2.2 Imposition of the drought and heat stress
The Exp. 1 was arranged in a completely randomized block design with four replications. The ponds were kept from tasseling to ovaries fertilization under different stress treatments as follows: (I) Well-irrigated in field (CK), the soil potential was -0.12 MPa (Ⅱ) Drought stress (DS), introducing a water deficit by no irrigation about 7 d before tasseling, the soil water potential was -0.51MPa. (Ⅲ) Heat stress (HS), which was according to the method of Savin, Stone, & Nicolas (1996). The polyethylene film (100 μm thickness) was mounted on steel structures of 3.5 m height (as showed in Figure 1a), but leaving the bottom 50 cm of the four sides of each structure open and the top 30 cm open, in order to facilitate free gas exchange from top to bottom. The magnitude of the elevated canopy air temperature (about 3-5℃ higher than field) was the consequence of the greenhouse effect of the polyethylene enclosure (Cicchino, Edreira, & Otegui, 2010). (Ⅳ) Combined drought and heat stress (DHS) were realized by the both methods of DS and HS. The soil water potential (depth 40 cm) and air temperature (ear position) were recorded by Em50 (Decagon, America) and GSP-6 (Elitech, China), respectively. These sensors of Em50 were buried 40 cm underground of plot. The effects of stresses in experiment were obvious (Figure 2).

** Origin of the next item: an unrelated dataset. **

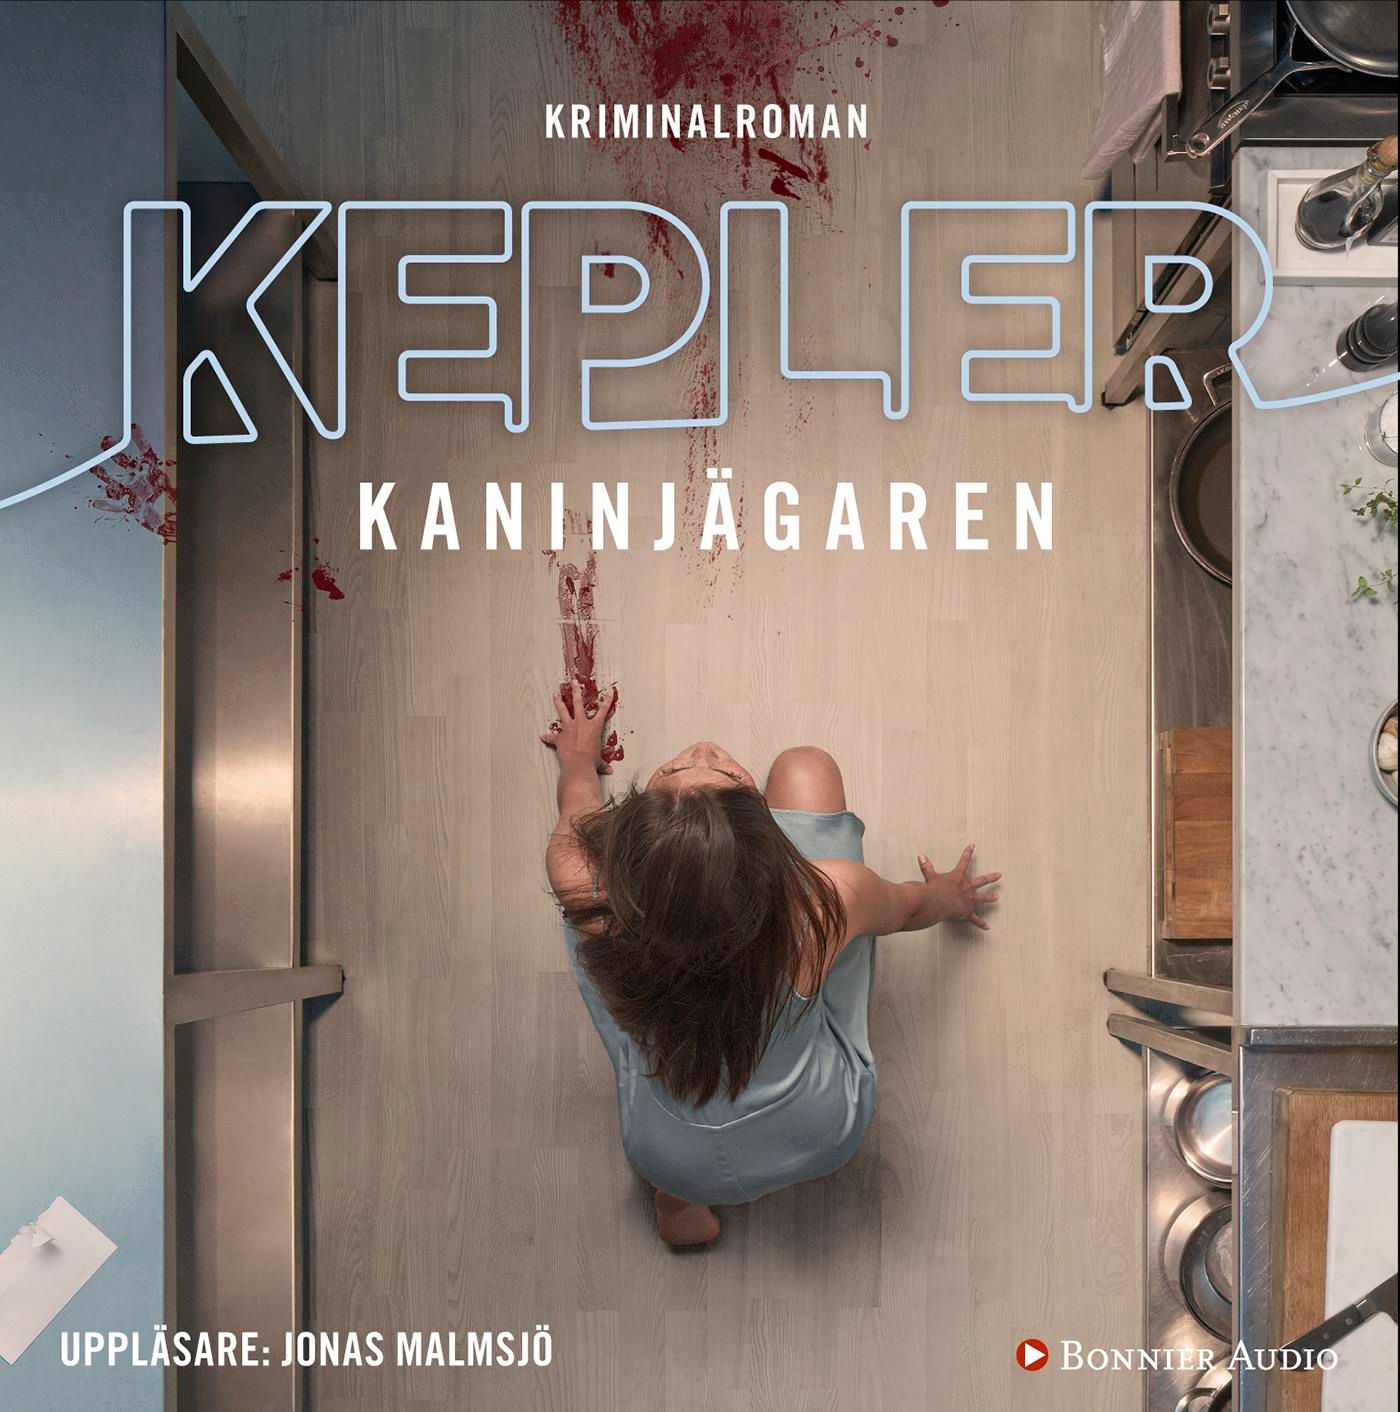 Kaninjägaren, audiobook by Lars Kepler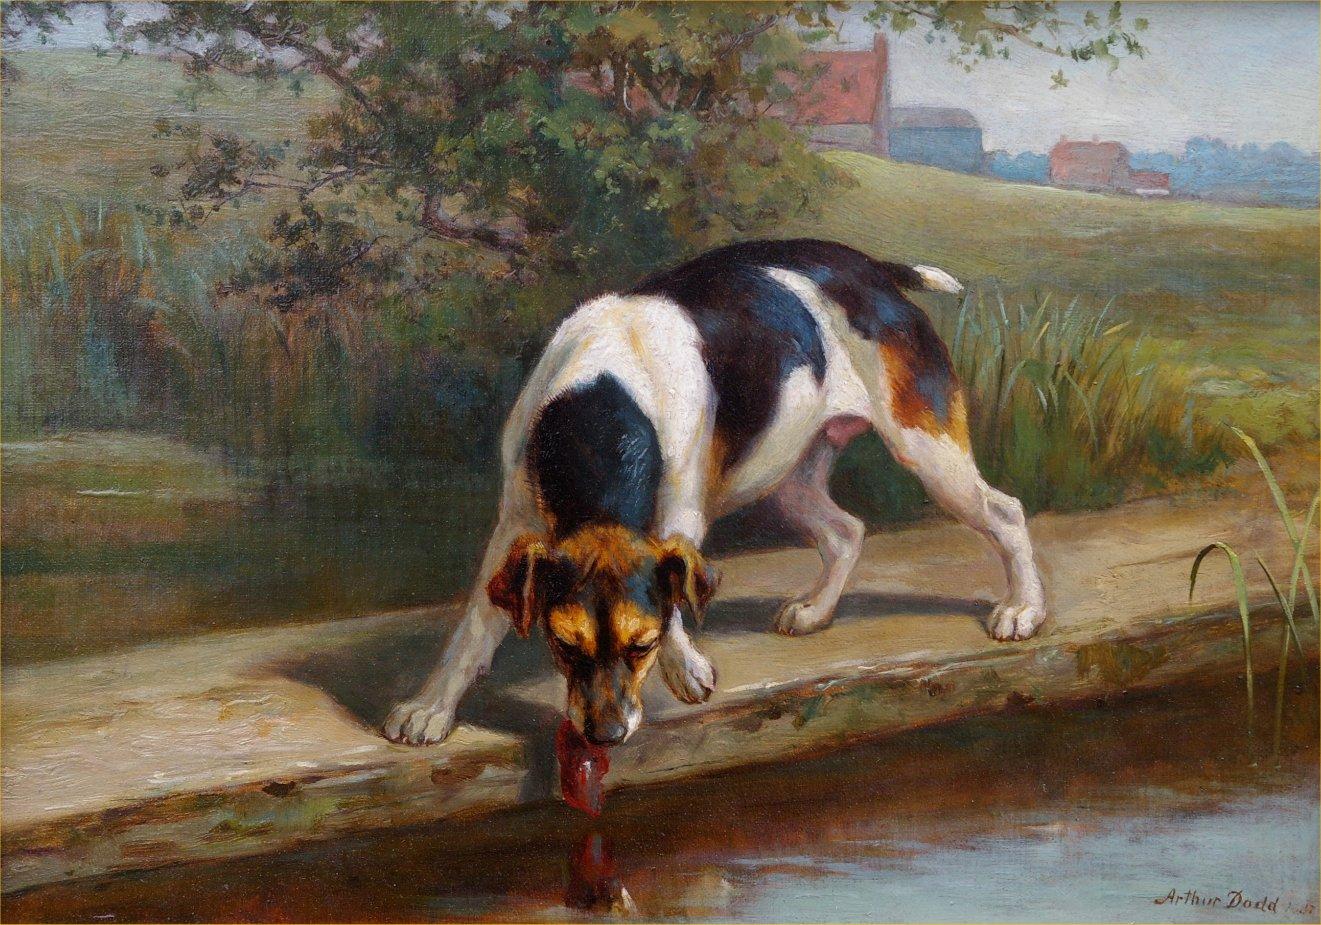 Animal Painting Arthur Dodd - Trouver son esprit d'observateur

In Exp. 2, the fertilized ears were sampled. According to the methods of Burle, Gengenbach, Robert (1994) and Zhang et al. (2017), husk tissues and silks were gently removed with a fine scalpel blade, taking care to avoid breaking the ovary. Then the superior kernels (basal 18-20th line) and inferior kernels (top 3 cm) of the ear were sectioned into blocks of 4×4 (16 grains) and seated into culture media (adequate source supply) in 25×100 mm Petri dishes such that the media contacted only the cob tissue (Figure. 1e). Kernels were incubated in thermostatic incubator (YIHENG TECH-NICAL.CO., LTD) with 25℃, relative humidity 75%. To sterilize for 20 minutes with ultraviolet lamp and wipe the inner wall with 75% ethanol to protect the culture materials from contamination before using thermostatic incubator.
In Exp. 3, the soil moisture regime of 120 pots was 60±5% (well-irrigated) of soil water holding capacity before stress treatment. Then the pots were kept from tasseling to ovaries fertilization under different stress treatments as follows: (I) Well-irrigated in field (CK). (Ⅱ) Drought stress (DS), introducing a water deficit (30±5%) by no irrigation about 7 d before tasseling. (Ⅲ) Heat stress (HS), the 30 pots were 60±5% (well-water) of soil water holding capacity also transferred into greenhouse covered with polyethylene film. The elevated canopy air temperature (about 3-5℃ higher than field) was also the consequence of the greenhouse effect of the polyethylene enclosure. (Ⅳ) Combined drought and heat stress (DHS) were realized by the both methods of DS and HS. The soil moisture and temperature were recorded by HD2 (IMKO Micromodultechnic GmbH, Germany) and GSP-6 (Elitech, China) during the stress treatment (Figure 2). When the ears were fertilized, the grain was cultured in vitro by the methods of Exp. 2.